With the openblas library, when using openblas_set_num_threads, I do get the expected behavior (this is on my 4-core laptop):
$ OPENBLAS_NUM_THREADS=1 ./sgemm -size 8192 -check -iter 1
# x y z ms GFlop/s
8192 8192 8192 4839 227.2
Results are OK
8192 8192 8192 10392 105.8
$ OPENBLAS_NUM_THREADS=4 ./sgemm -size 8192 -check -iter 1
# x y z ms GFlop/s
8192 8192 8192 4688 234.6
Results are OK
8192 8192 8192 4703 233.8
(with openblas, omp_set_num_thread doesn't seem effective)
I indeed see in top that the CPU% usage during the check is according to the openblas_set_num_threads call just before it
With the openblas library, when using openblas_set_num_threads, I do get the expected behavior (this is on my 4-core laptop):
Which threading does your OpenBLAS library use? It seems that it uses PThreads. And using the PThreads version is not possible since some of the old algorithms uses OpenMP and thus it gets in trouble with the PThread threading.

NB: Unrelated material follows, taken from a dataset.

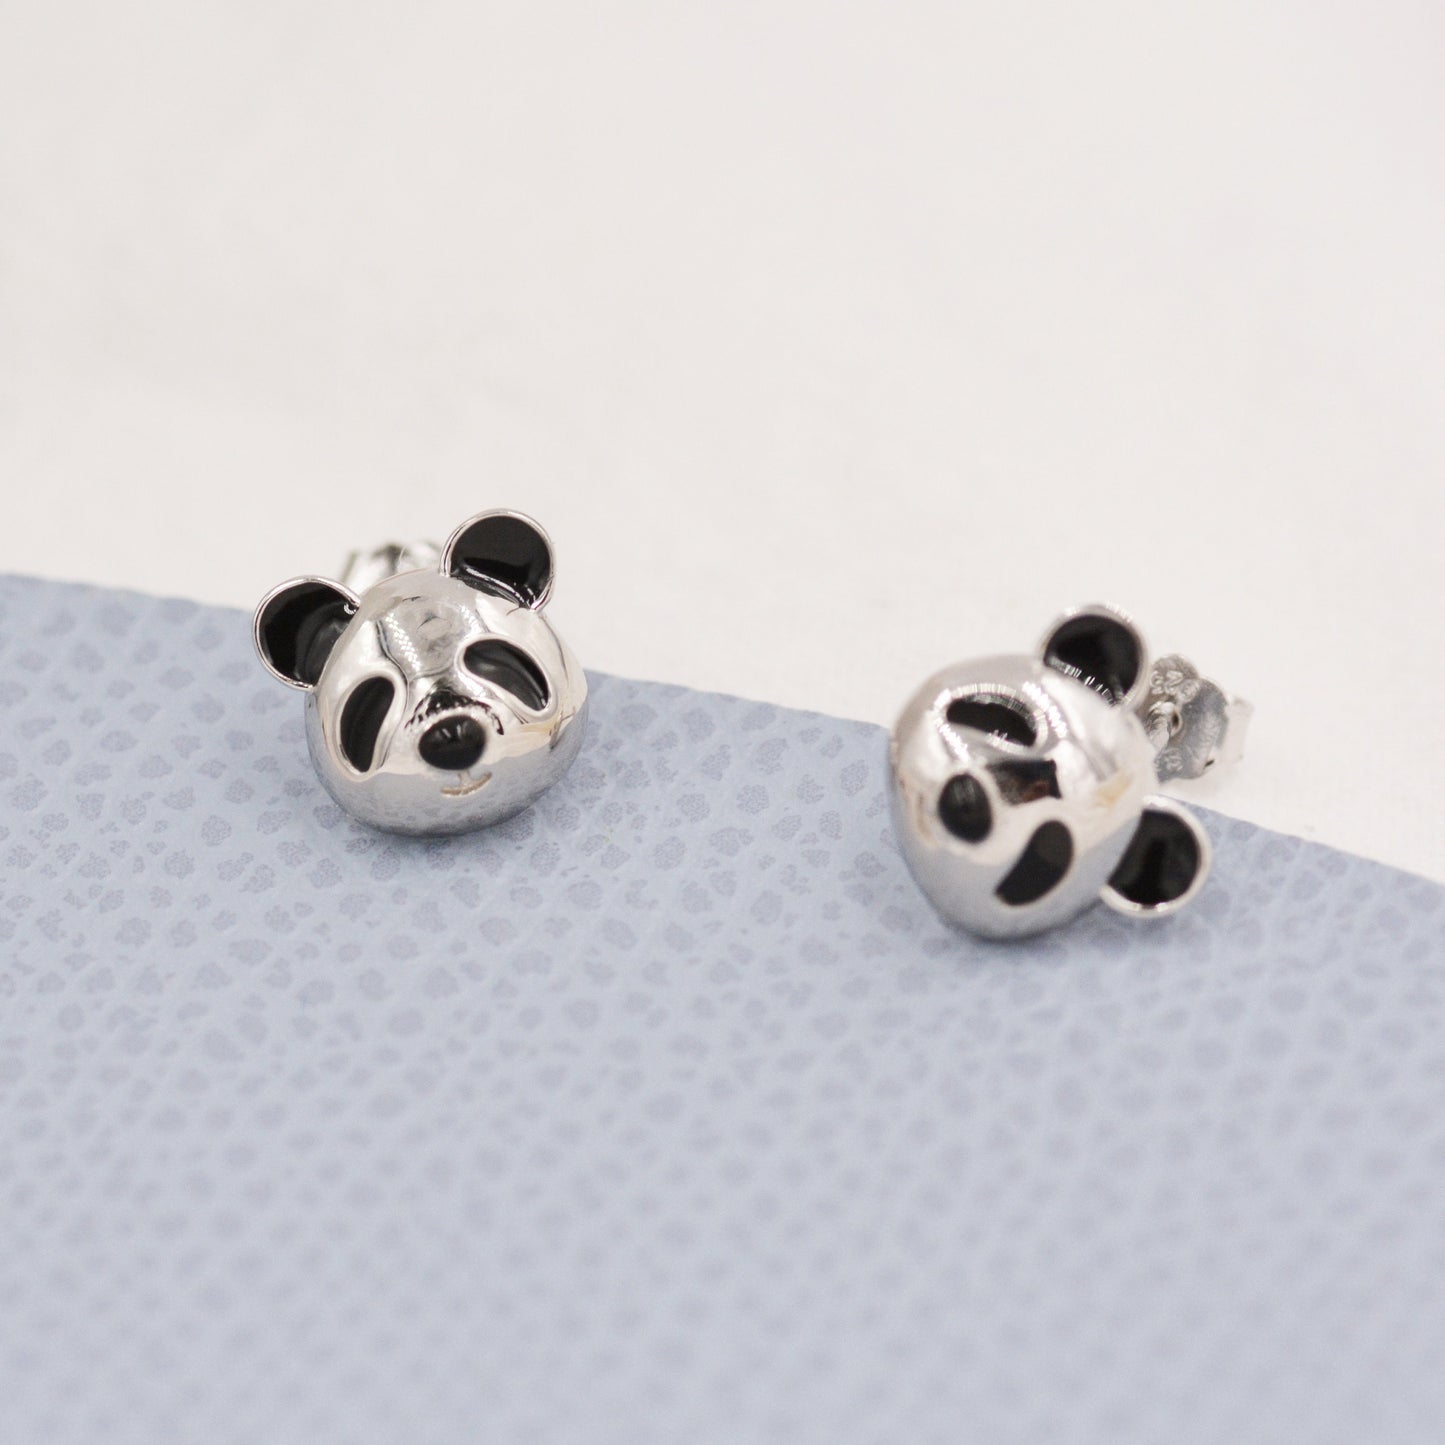 Cute Panda Earrings in Sterling Silver, Panda Bear Stud Earrings, Animal Earrings, Nature Lover

ah, yes it was the pthreads variant
With the openmp variant I indeed get the same kind of erroneous behavior. Apparently it's due to the omp implementation using separate num_threads icvs in the different starpu threads. I.e. the openblas_set_num_threads(1) call should be done in each starpu worker thread. That can be done in the tasks themselves before the gemm call, or just once for all with starpu_execute_on_each_worker
That is a workaround.... but it helps. I figured out that OpenBLAS, when using OpenMP, resets the number of threads to the maximum number of threads given by omp_get_max_threads
. The internal variables are set correctly by calling openblas_set_num_threads
but once a call to a threaded BLAS routine is done, the value resets. I will fill out a bug report there. But for StarPU it would be nice to have a section in the documentation about StarPU algorithms and multithreaded
BLAS libraries.
I am currently performing some experiments how to integrate StarPU into my algorithms and to accelerate my code using it. Thereby "old" code gets mixed with the StarPU enabled algorithms. The old code uses a multi-threaded BLAS (OpenBLAS with OpenMP support, Threaded-MKL or Threaded-ESSL). But when the StarPU enabled algorithms starts, the threaded BLAS results in huge performance issues for this part of the code. Is there a proper way to handle the case, where the surrounding code as well as the StarPU algorithms rely on BLAS?